The Virginia State Corporation Commission (SCC) is urging state residents to approach decentralized finance, or DeFi, services with caution and warns them to understand the potential benefits and risks.
DeFi is a relatively new blockchain-based set of financial services that could come with risks that are not readily apparent to investors, SCC officials said. DeFi firms rely on algorithms and use digital assets to provide financial services such as depository services, lending, investing, and management. Also, DeFi relies heavily on peer-to-peer transactions rather than an intermediary such as a bank that holds custody of funds.
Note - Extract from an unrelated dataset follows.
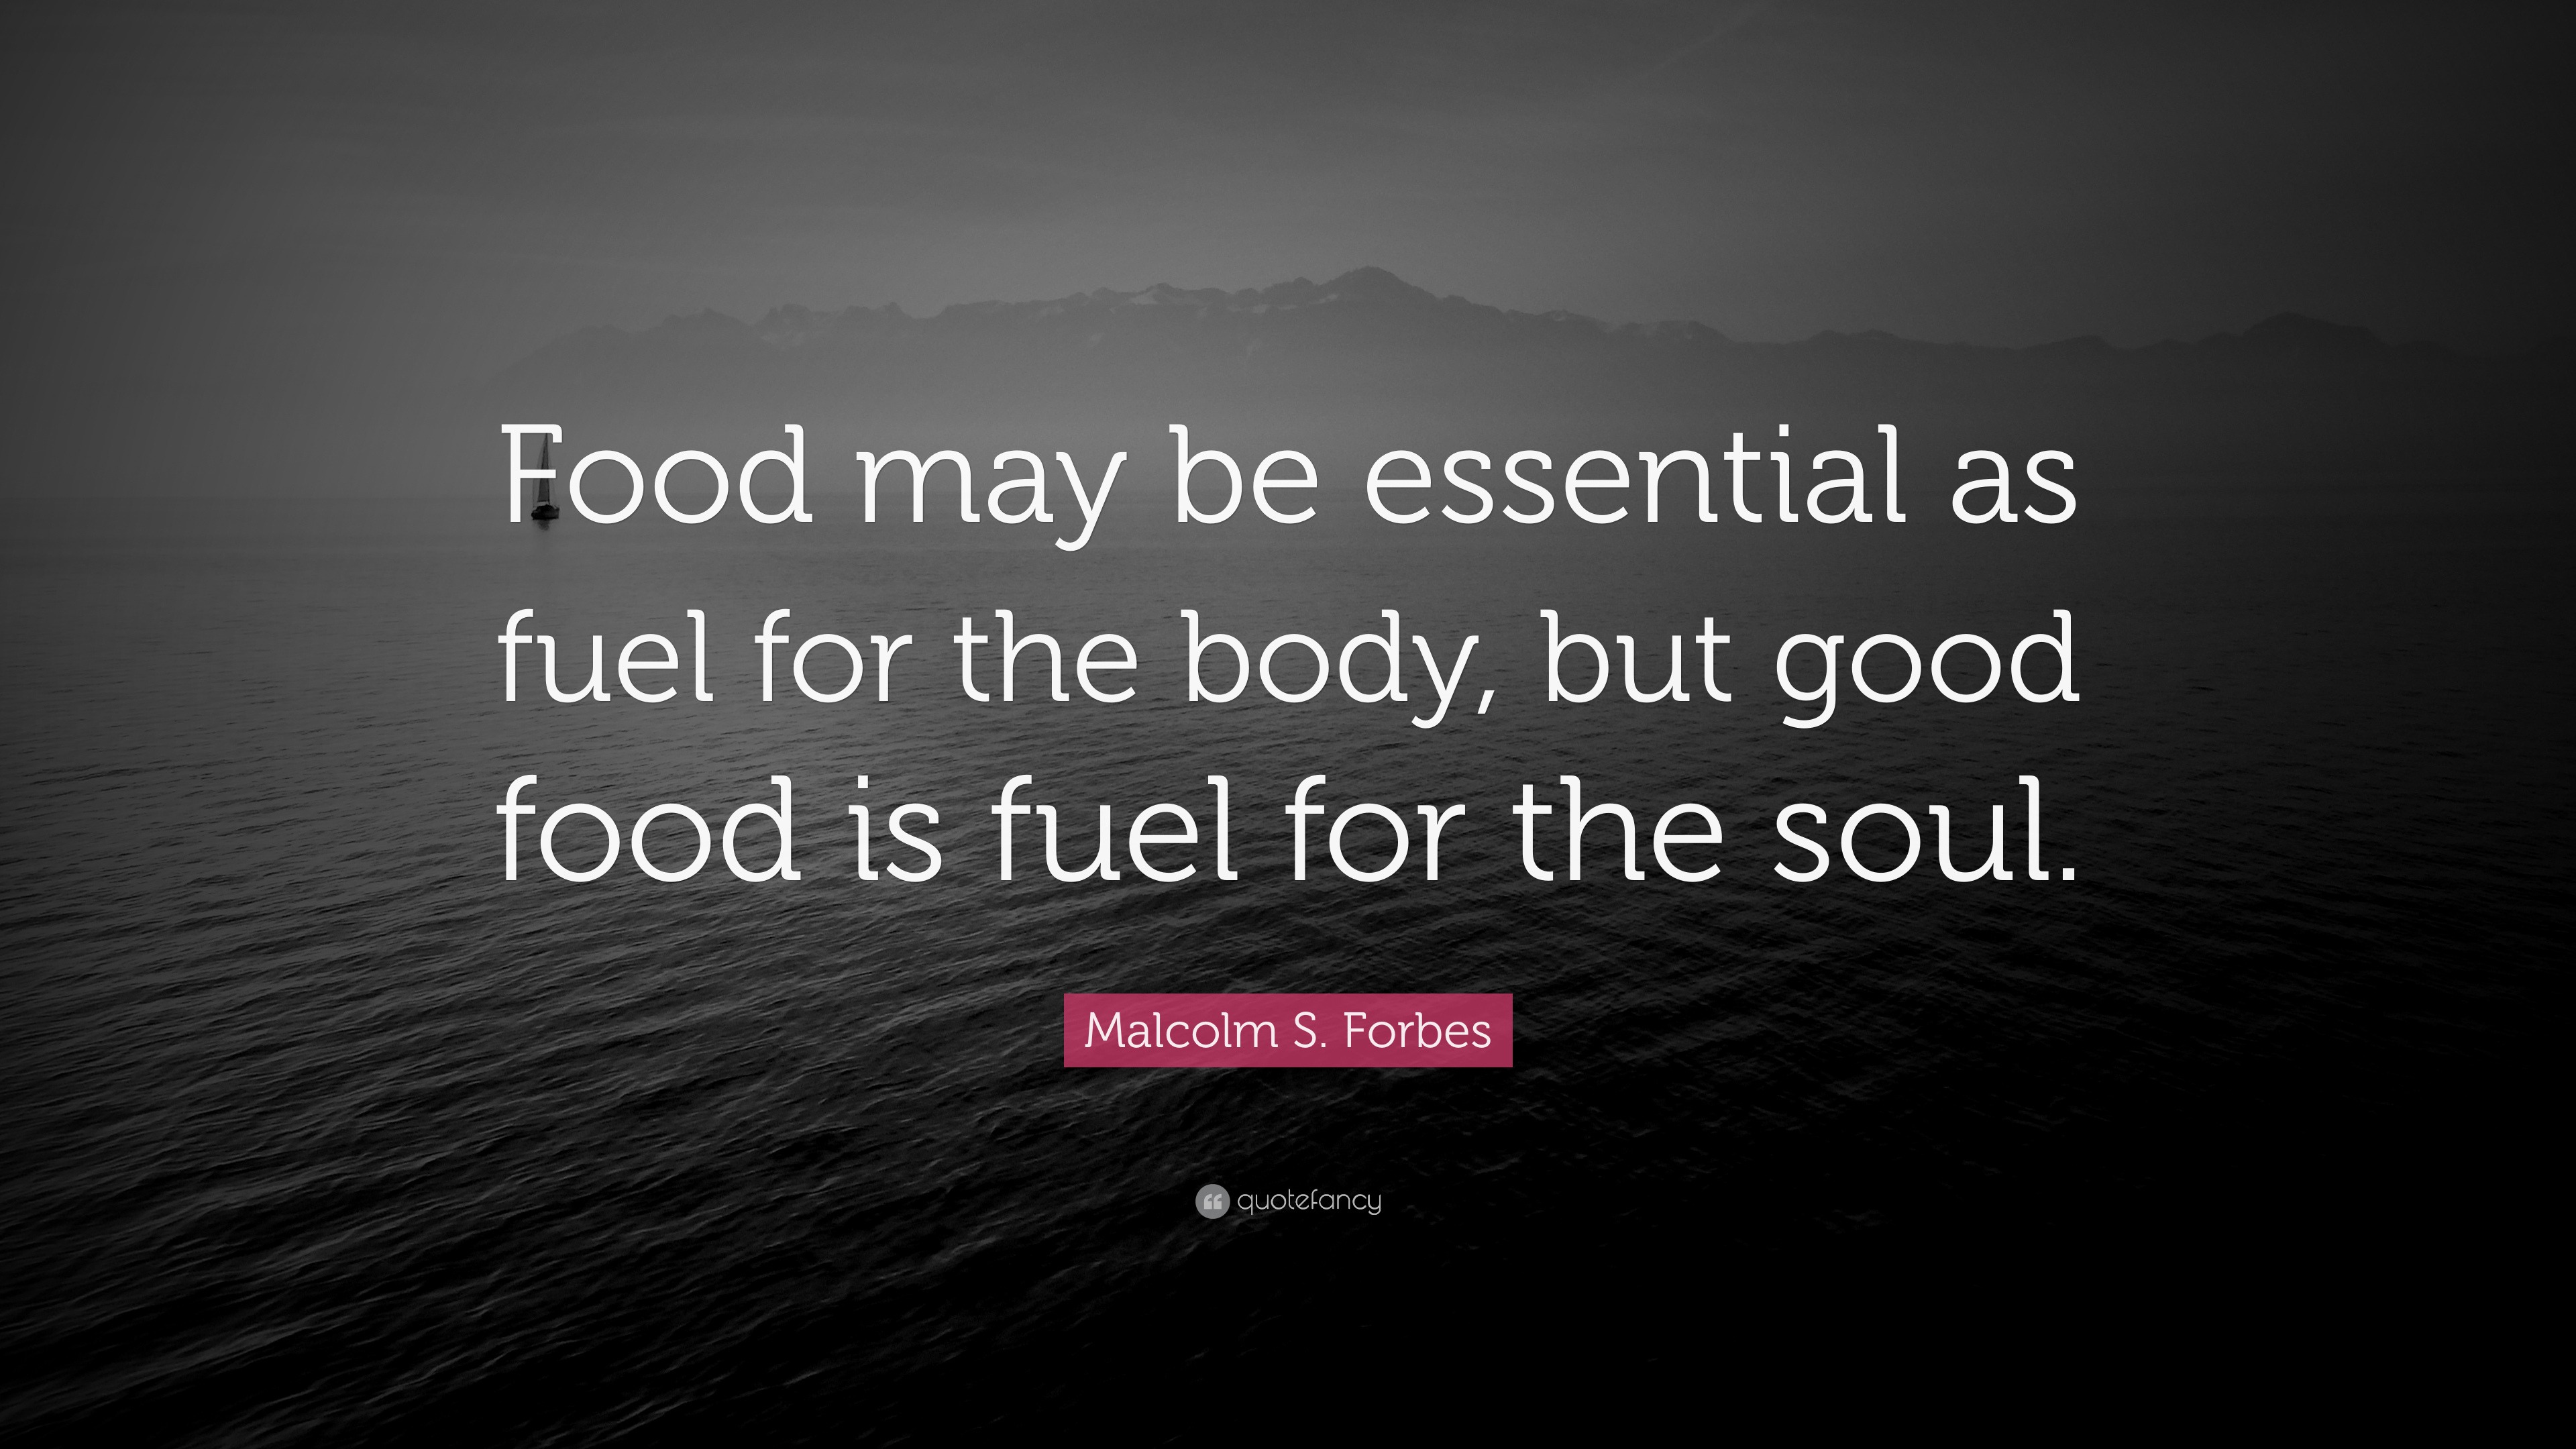 Malcolm S. Forbes Quote: “Food may be essential as fuel for the body

SCC officials warn that some of these services are highly complex, operate outside of current regulatory frameworks, and offer little, if any, consumer protections.
“Never invest more than you can afford to lose,” Ron Thomas, director of the SCC’s Division of Securities and Retail Franchising, said. “Because DeFi is an emerging technology – and offers lending and investing options that are not dependent on traditional financial markets – the risks differ from those in traditional markets. The growing popularity of cryptocurrencies is one of the main drivers behind the development of alternative banking and business opportunities that may rely on DeFi models.”
The North American Securities Administrators Association, of which the SCC is a member, recently issued an investor advisory to help consumers better understand DeFi. It explains DeFi, the technology behind it, how DeFi lending works, potential risks for investors, and how consumers can avoid becoming victims of scams.